COLLECTED DATA:
....

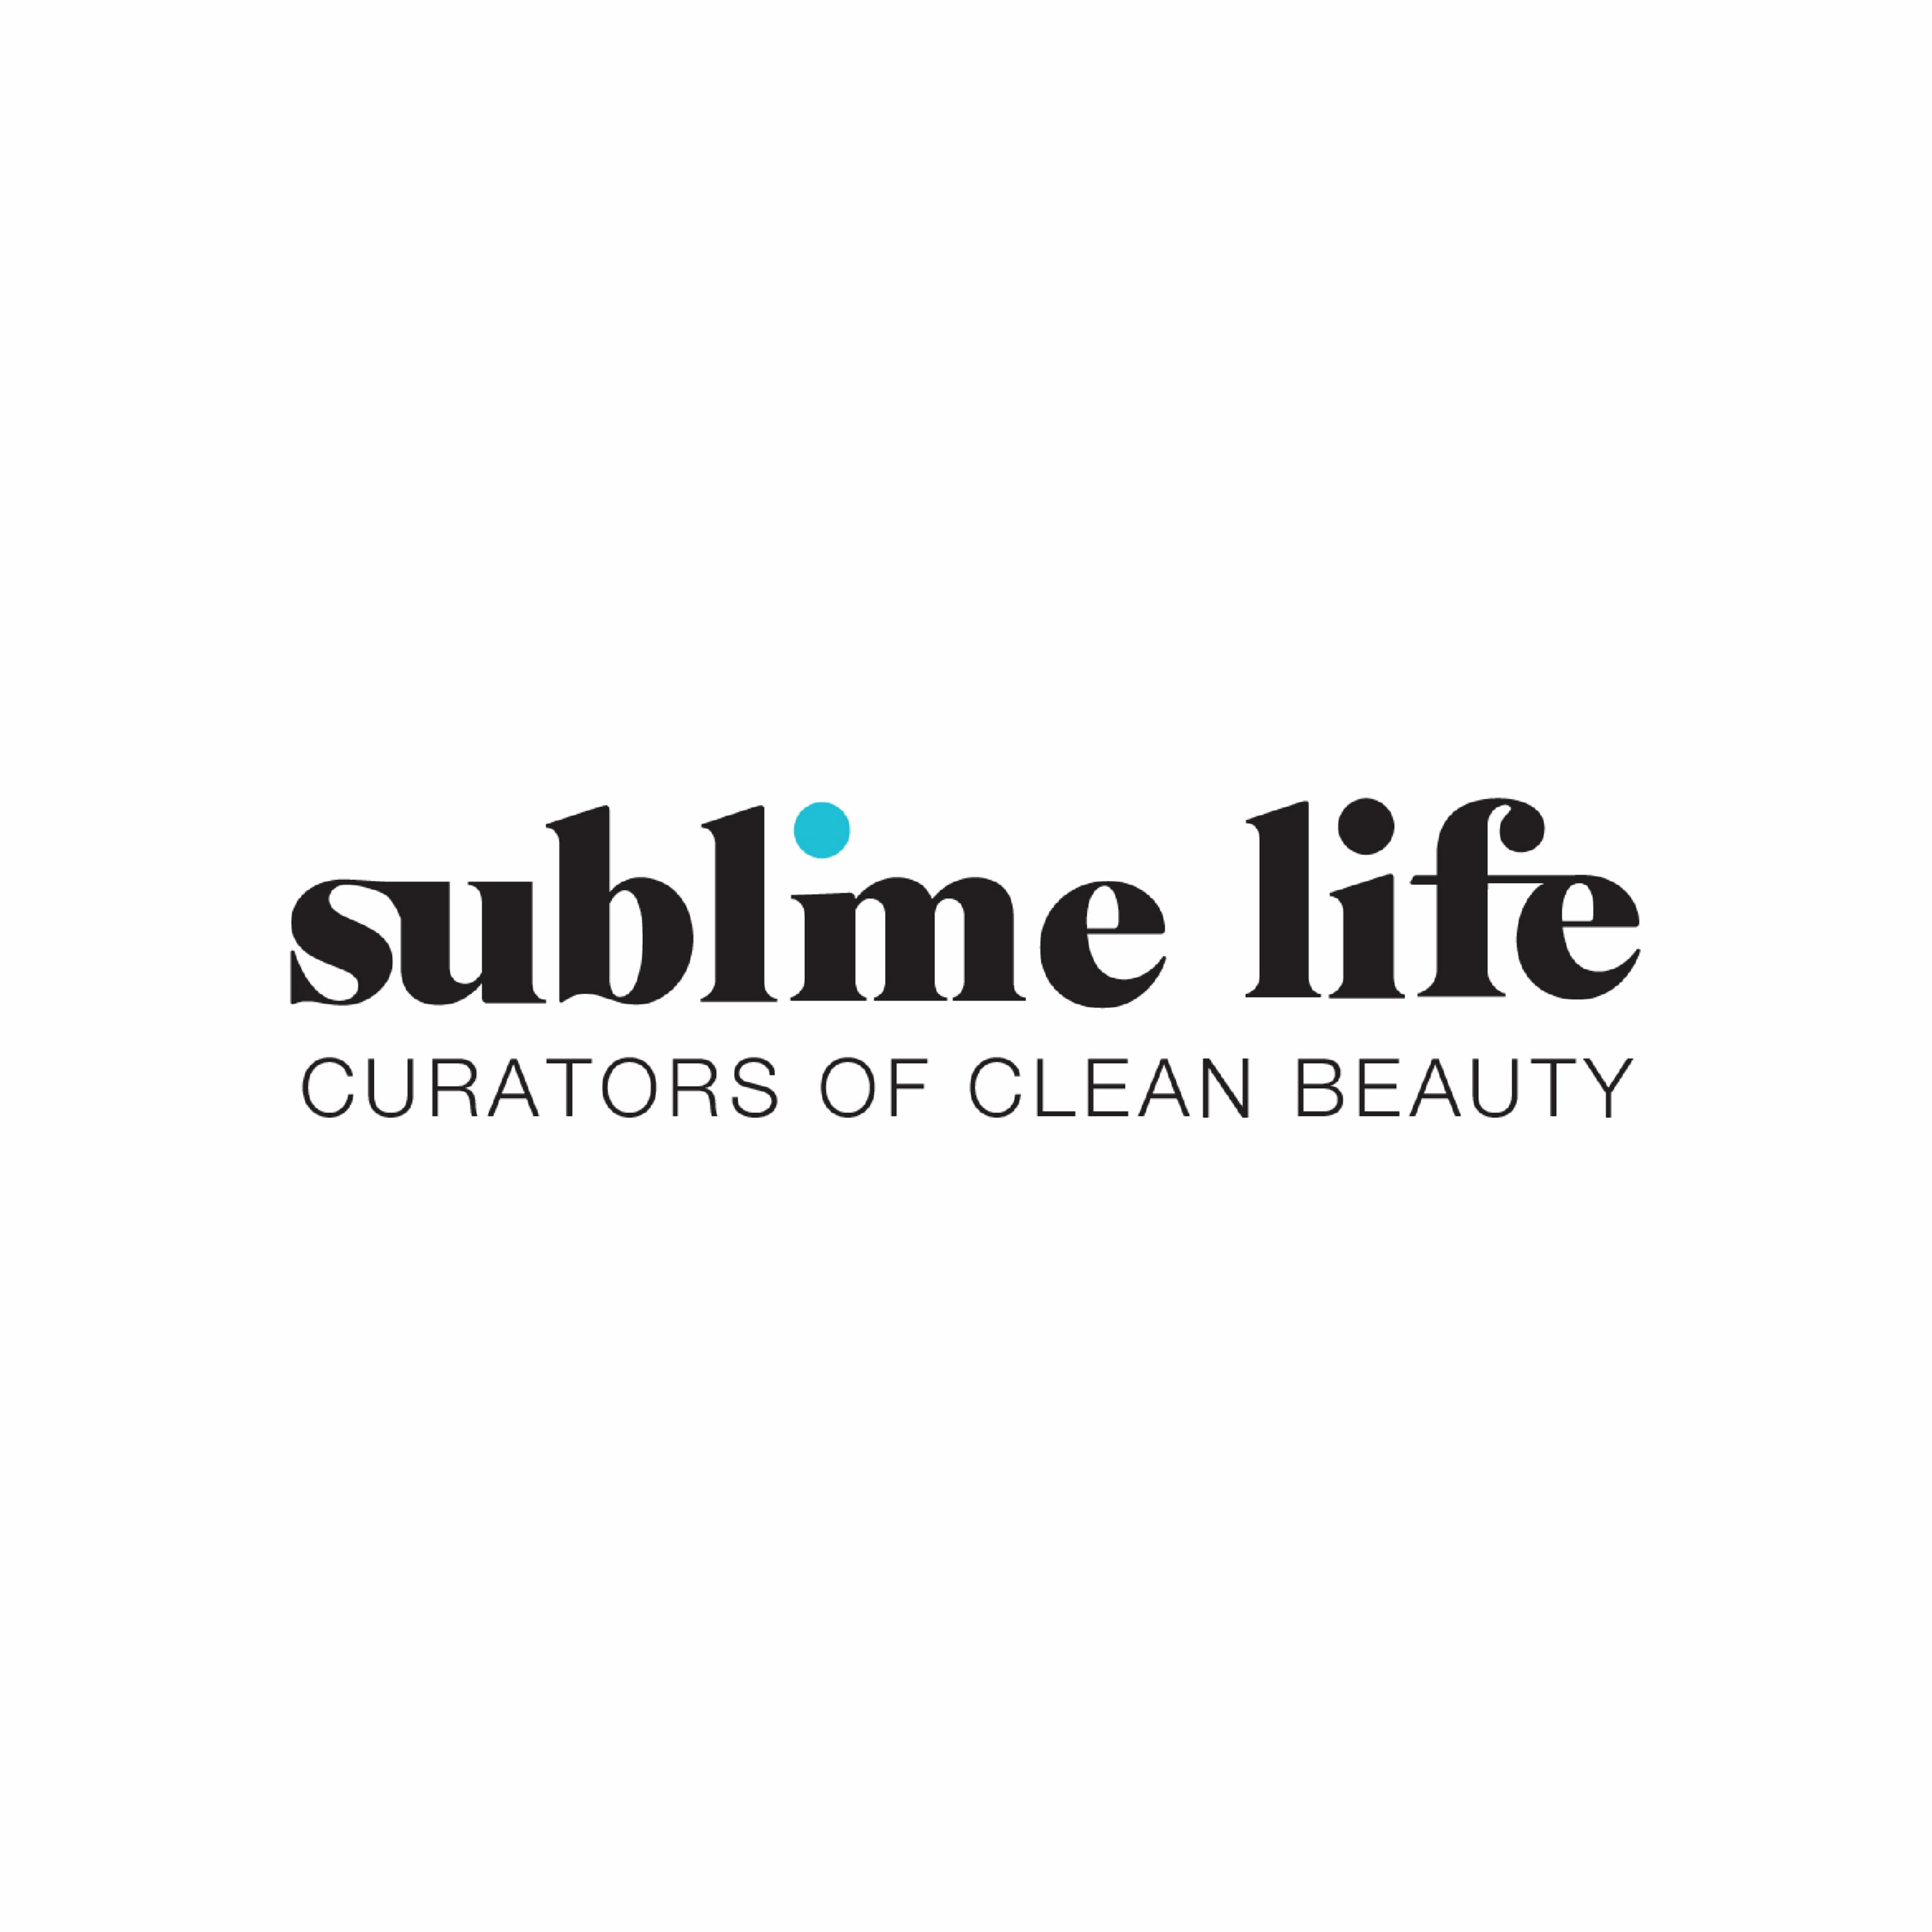 SUBLIME LIFE's logo
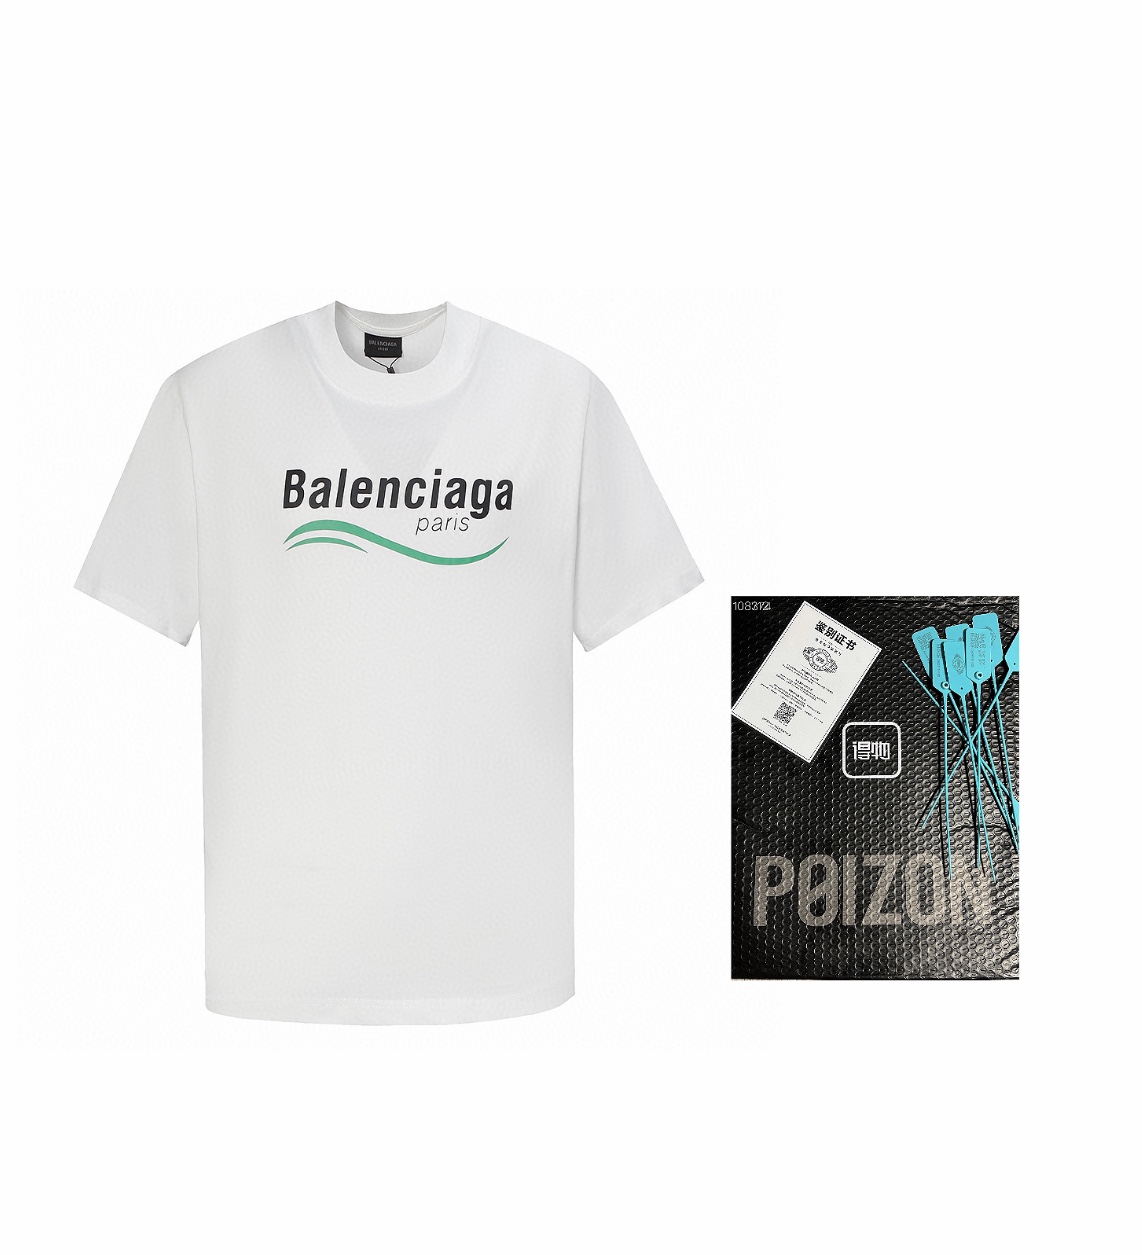 Balenciaga Clothing T-Shirt Black White Printing Unisex Short Sleeve
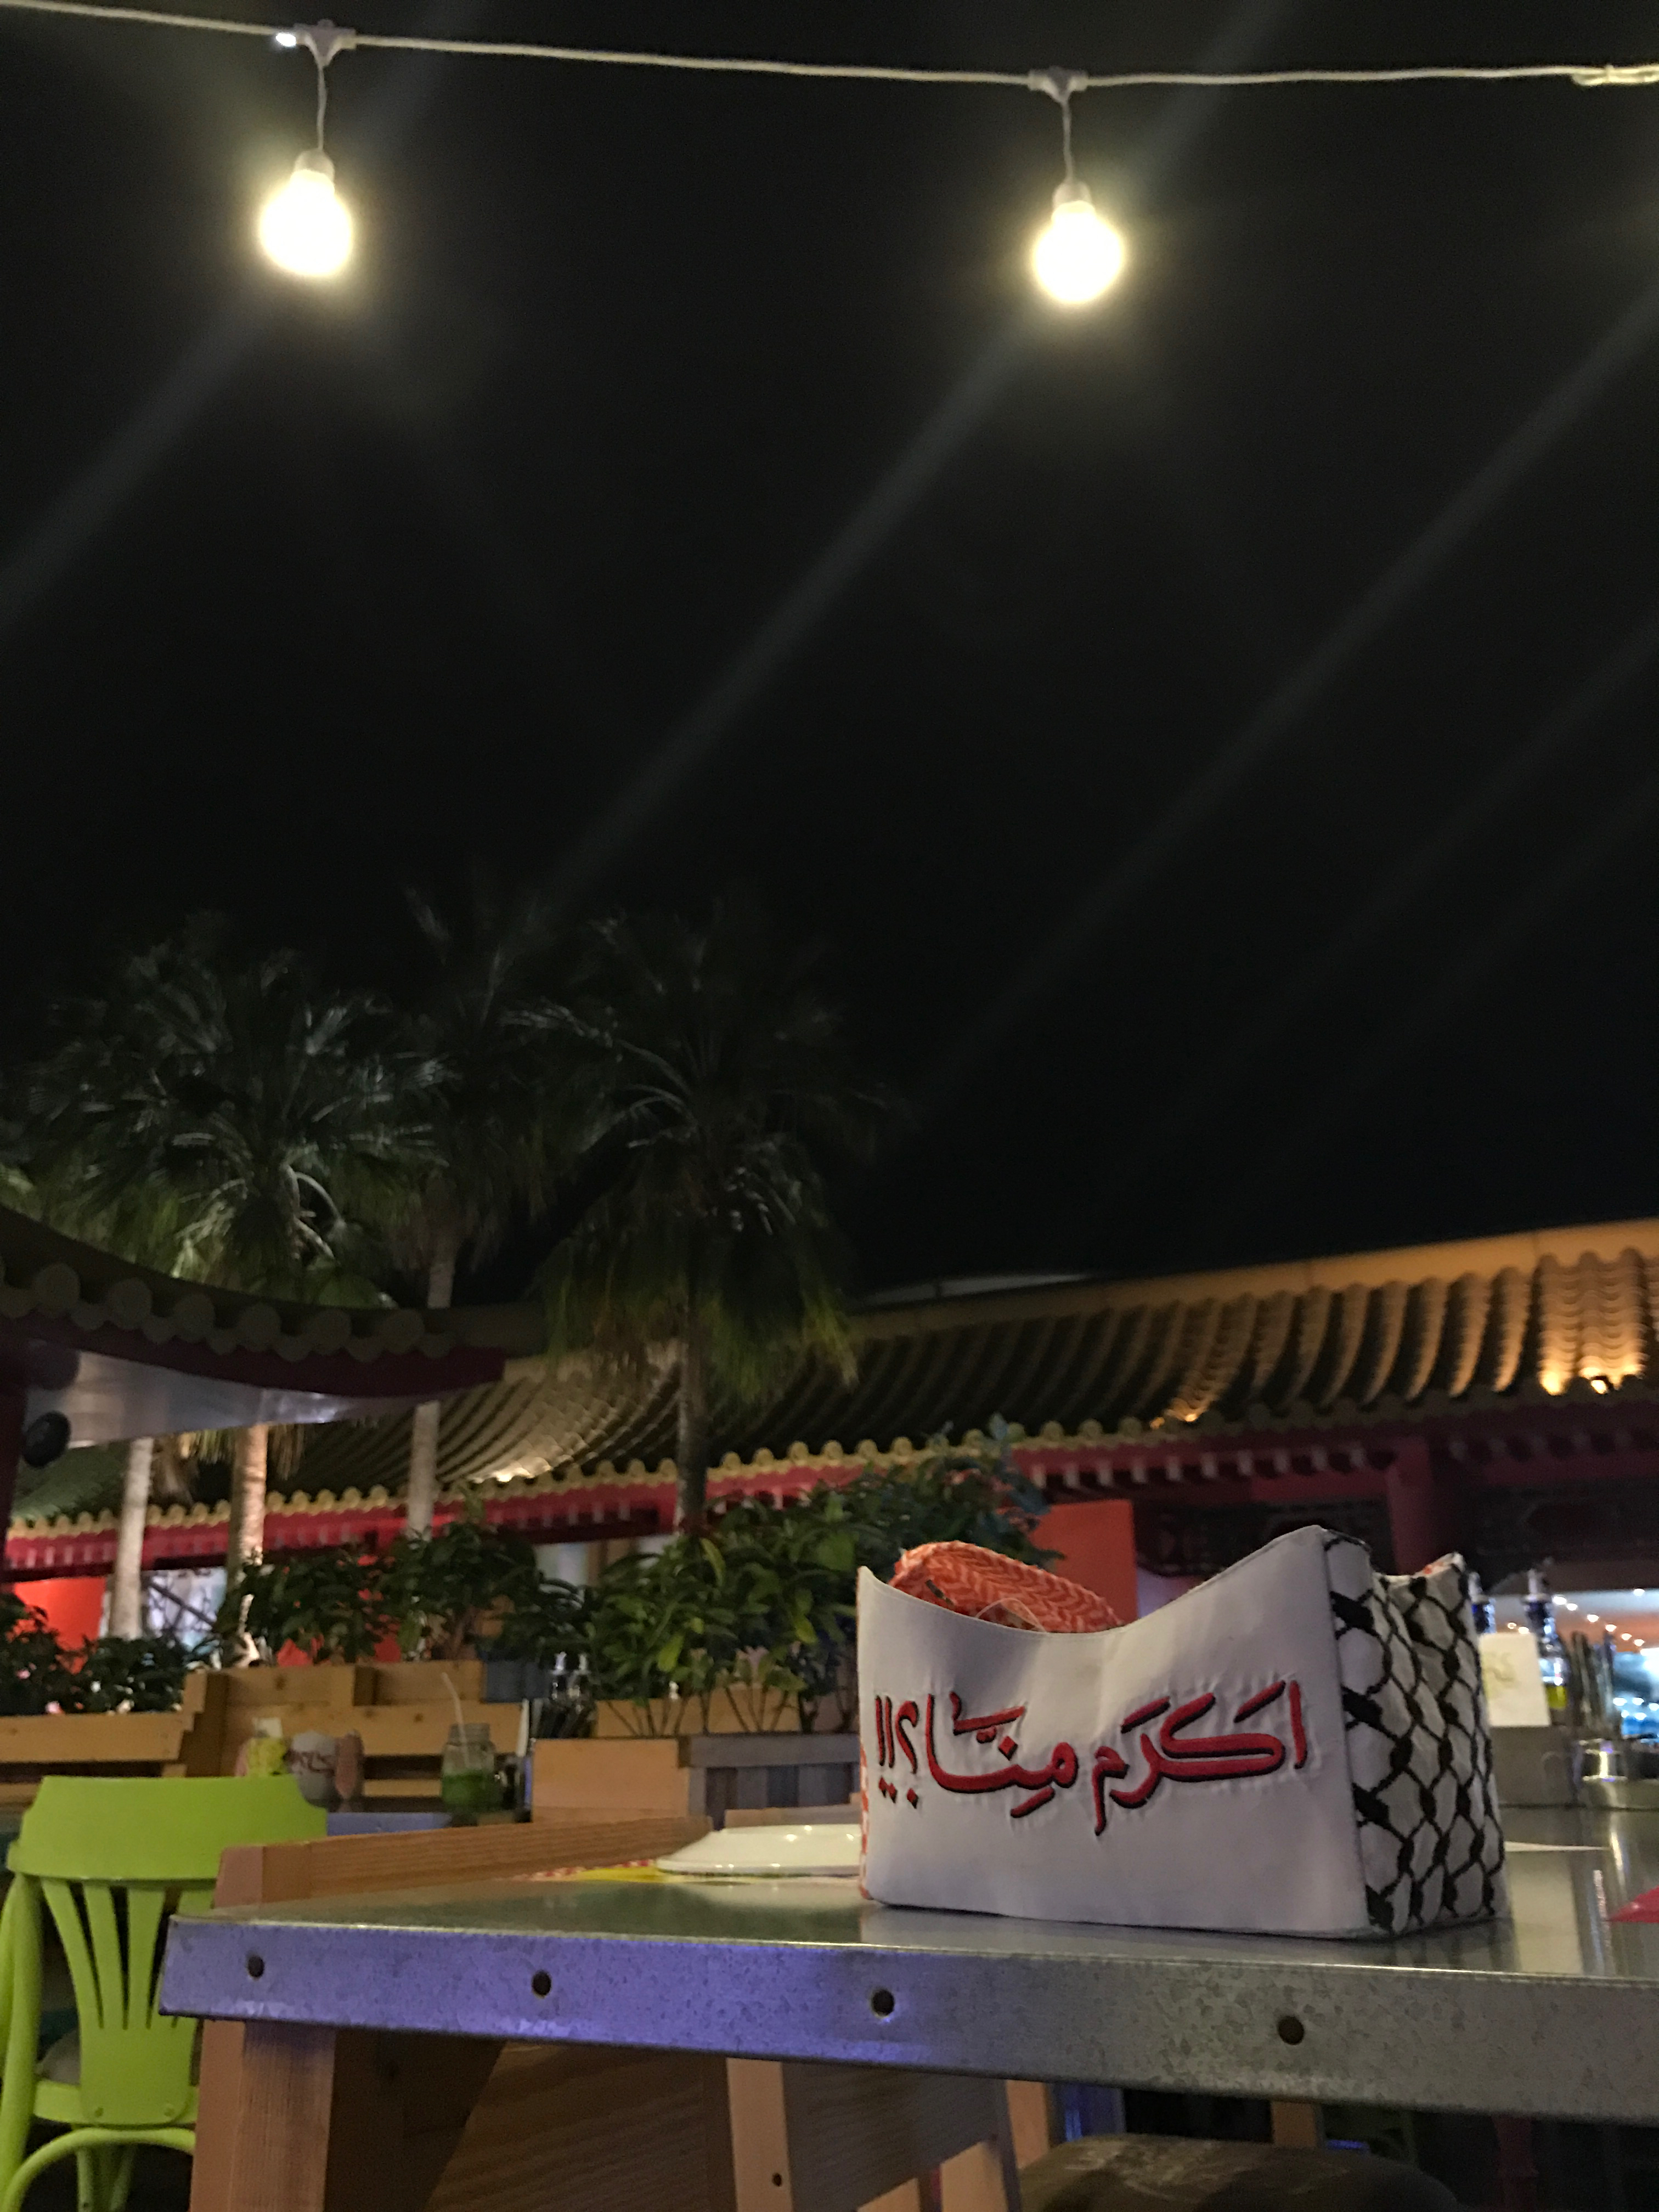 Ibn Battuta Outdoor Food Court - Zaroob 2

....

TASK DETAILS: Beginning with the line that contains "Balenciaga Clothing T-Shirt", output each line of the material above through the last one exactly as it stands. Do not include the pictures.

SOLUTION TO THE PROBLEM:
 Balenciaga Clothing T-Shirt Black White Printing Unisex Short Sleeve
 Ibn Battuta Outdoor Food Court - Zaroob 2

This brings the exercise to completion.